Supplied information:
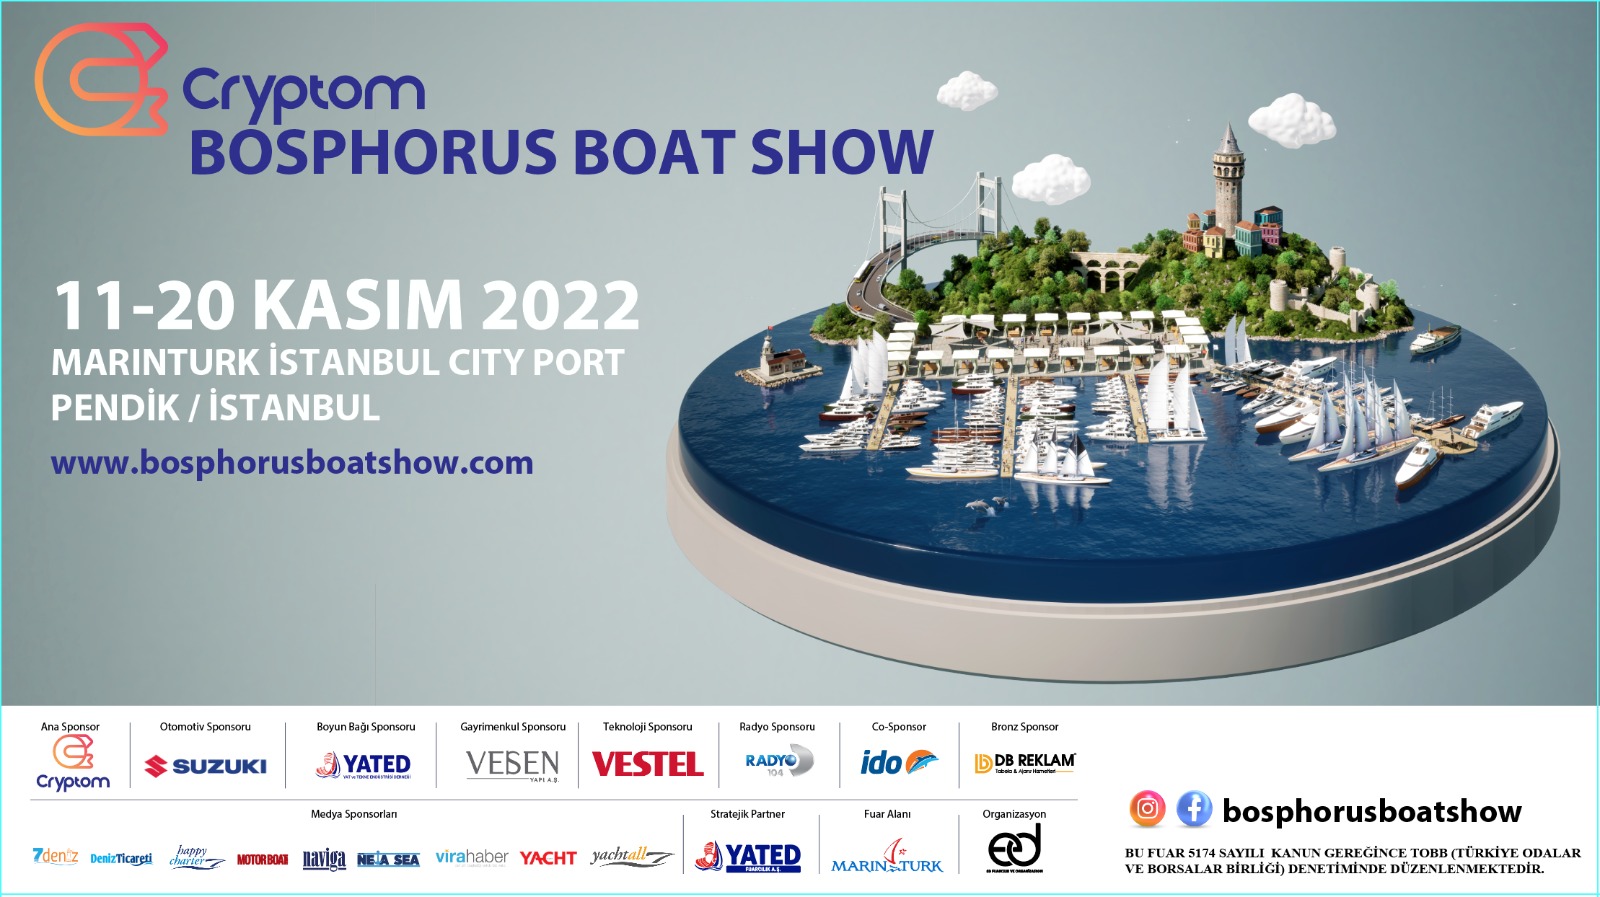 Denizcilik Sektörü MarinTurk Cryptom Bosphorus Boat Show’da  Buluşuyor!
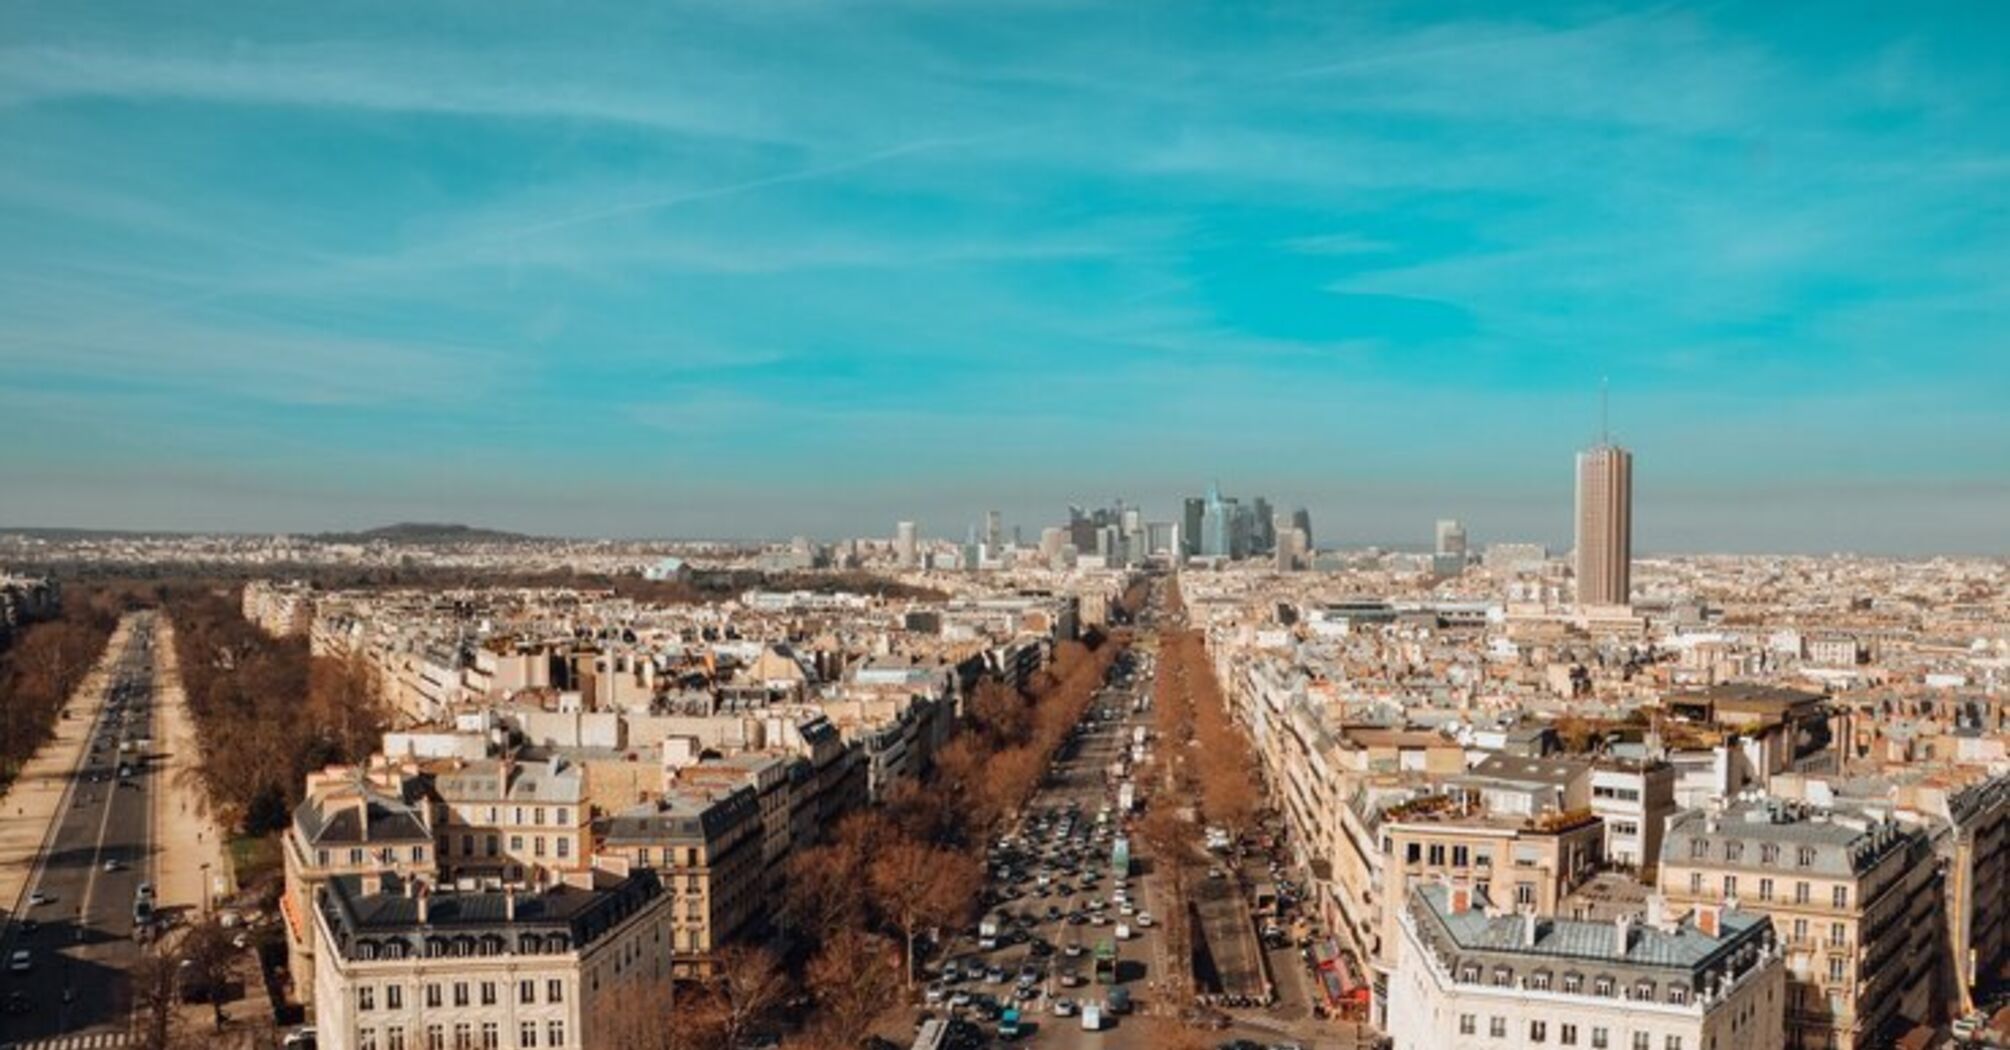 Не Эйфелевой башней единственной: топ-5 скрытых жемчужин Парижа
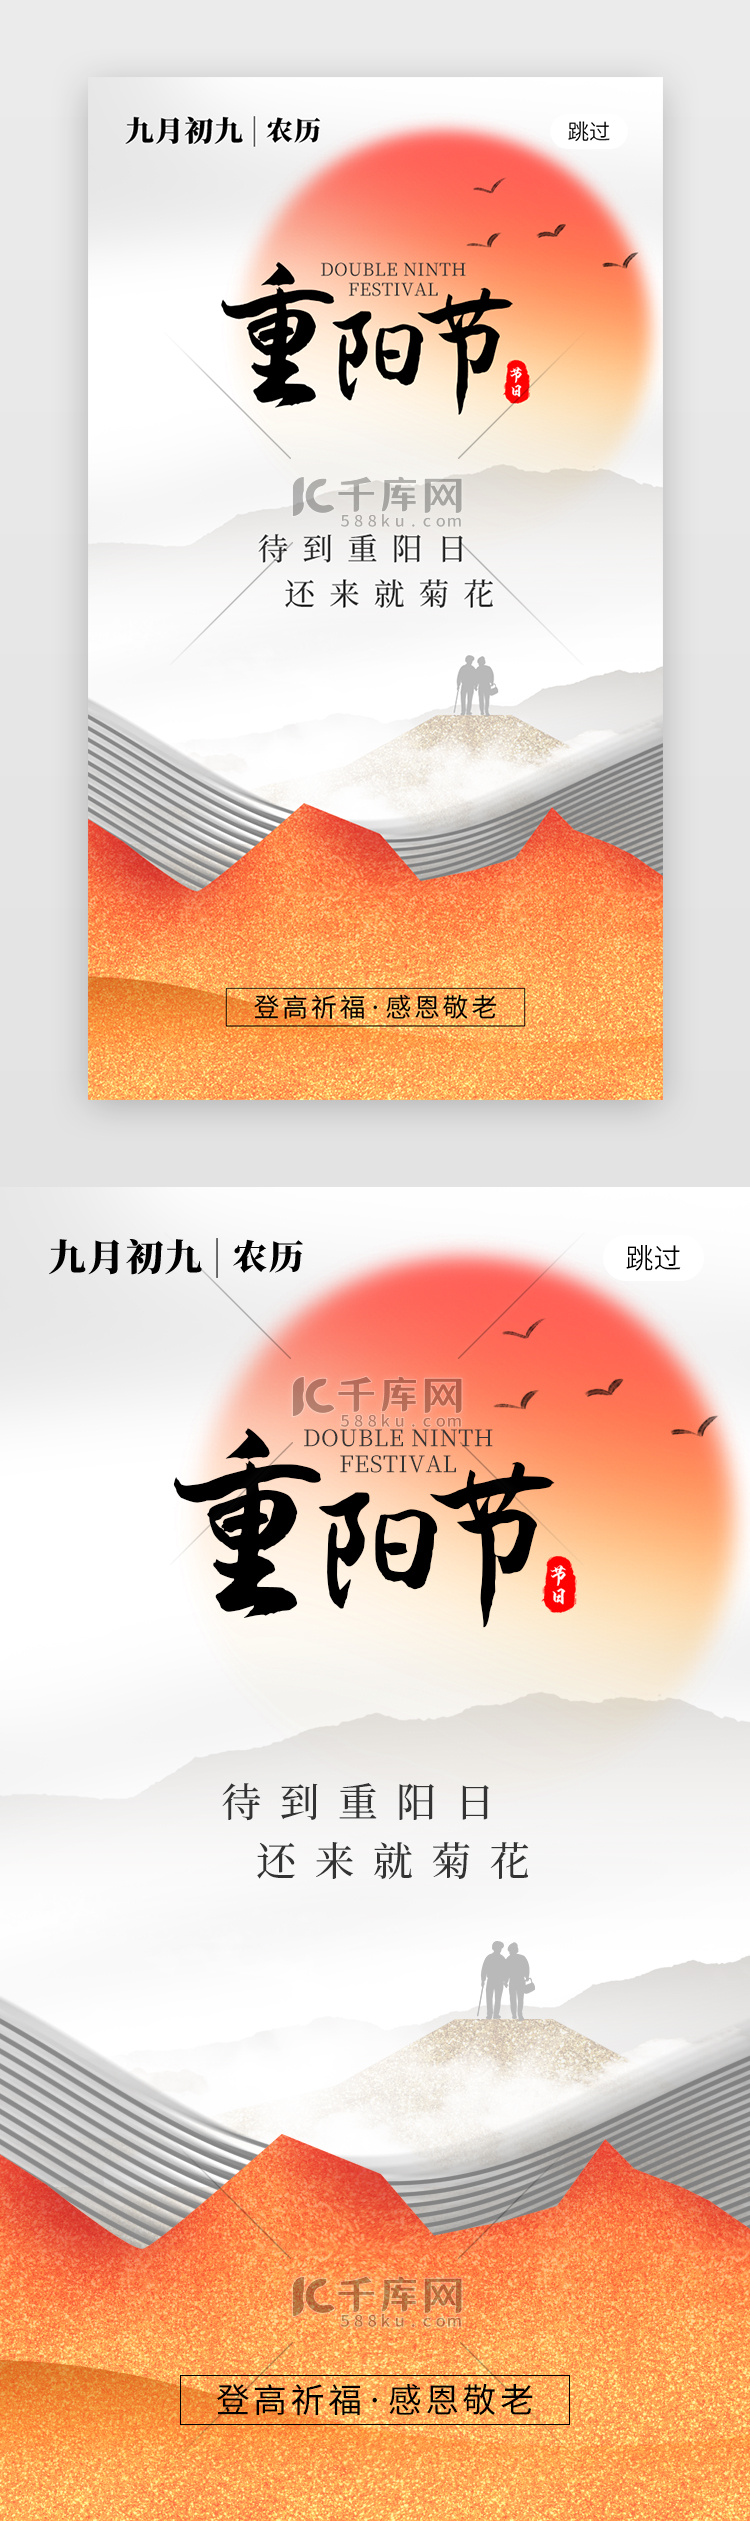 九九重阳节app闪屏创意橙红色太阳

Task item:
Everything in the data above gets copied exactly. Only the pictures are skipped.

Task output:
 Denizcilik Sektörü MarinTurk Cryptom Bosphorus Boat Show’da  Buluşuyor!
 Не Эйфелевой башней единственной: топ-5 скрытых жемчужин Парижа
 九九重阳节app闪屏创意橙红色太阳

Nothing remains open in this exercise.